▸ **What the task asks**
Give back an exact copy of the listing that follows, without the pictures.

▸ **Supplied information**
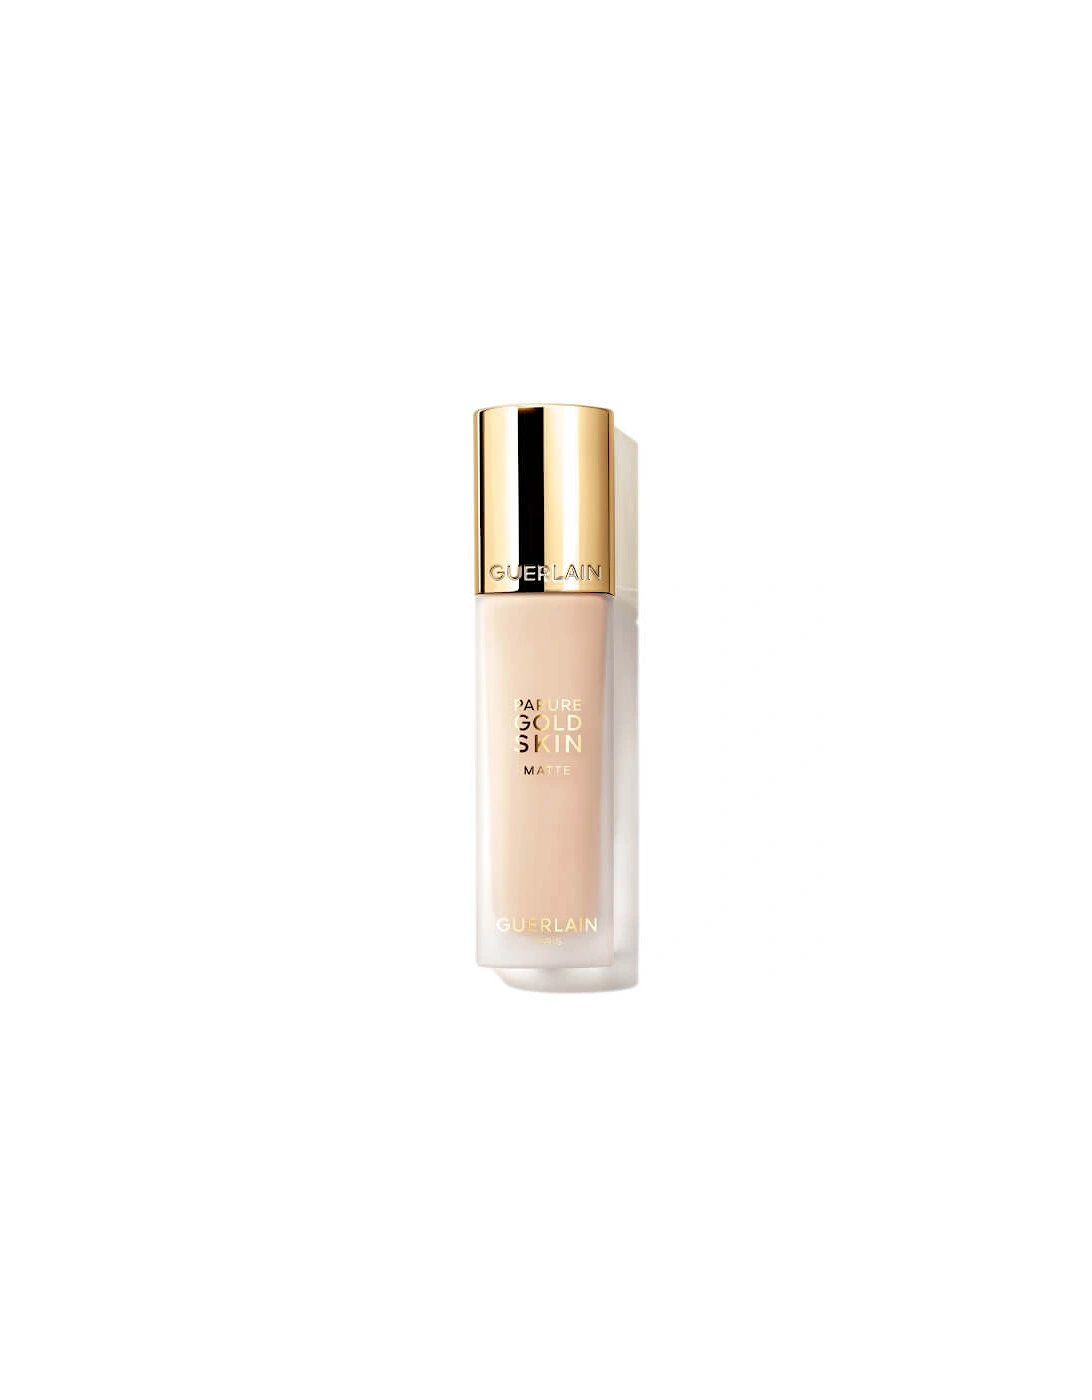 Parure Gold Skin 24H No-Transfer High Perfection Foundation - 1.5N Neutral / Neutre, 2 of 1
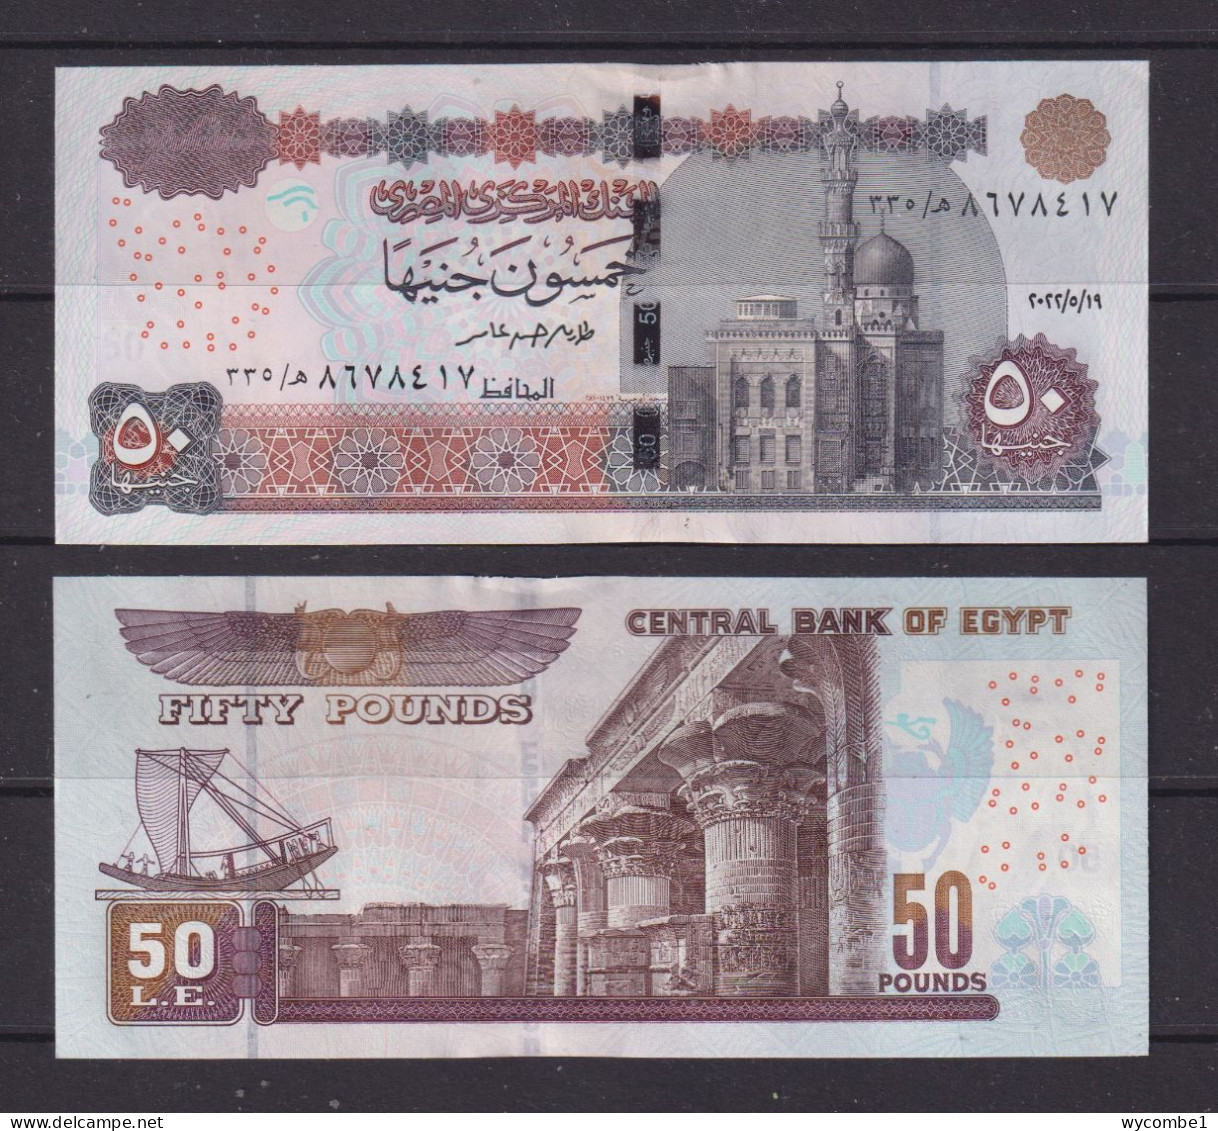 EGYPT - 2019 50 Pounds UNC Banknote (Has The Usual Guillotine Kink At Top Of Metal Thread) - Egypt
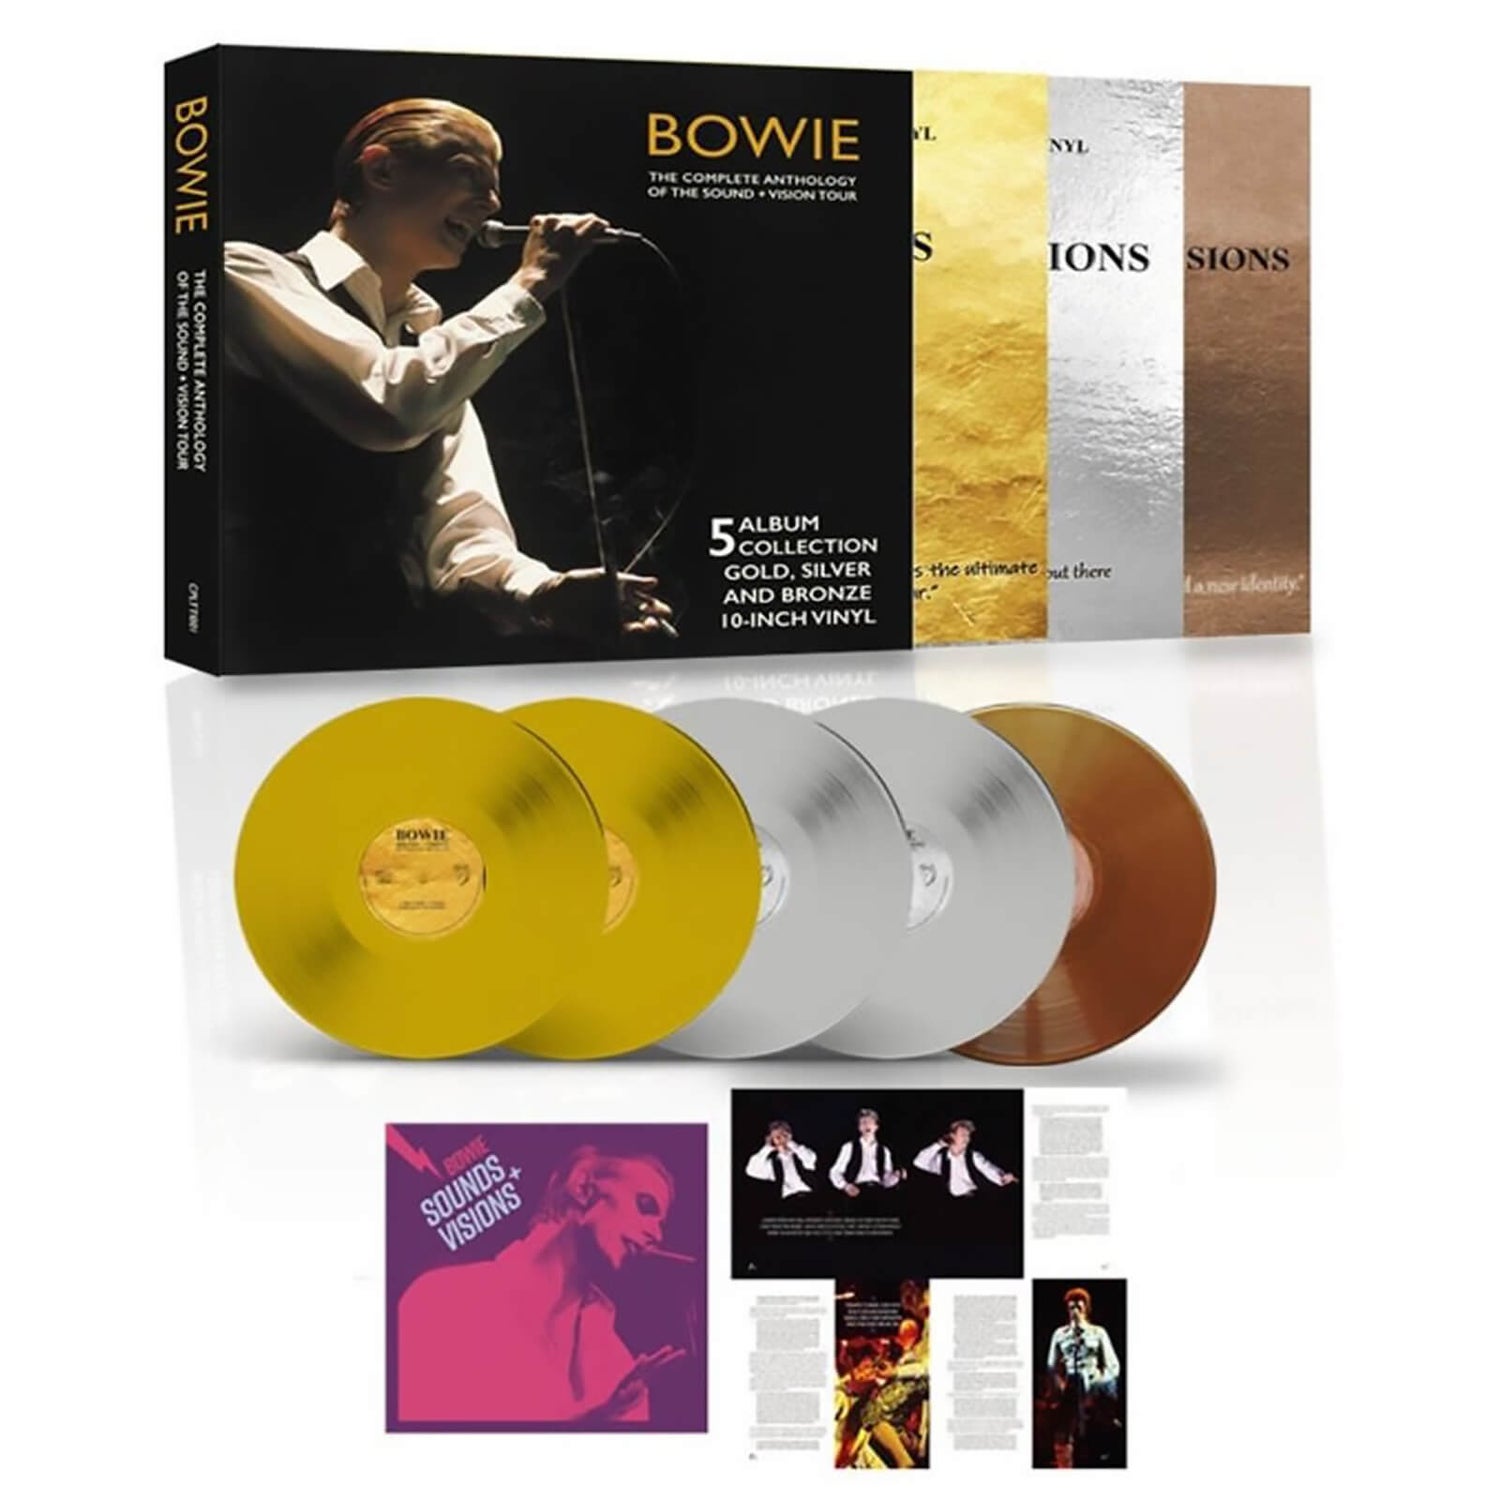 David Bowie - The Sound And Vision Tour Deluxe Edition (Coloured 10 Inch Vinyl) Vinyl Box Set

▸ **Solution to this exercise**
 Parure Gold Skin 24H No-Transfer High Perfection Foundation - 1.5N Neutral / Neutre, 2 of 1
 EGYPT - 2019 50 Pounds UNC Banknote (Has The Usual Guillotine Kink At Top Of Metal Thread) - Egypt
 David Bowie - The Sound And Vision Tour Deluxe Edition (Coloured 10 Inch Vinyl) Vinyl Box Set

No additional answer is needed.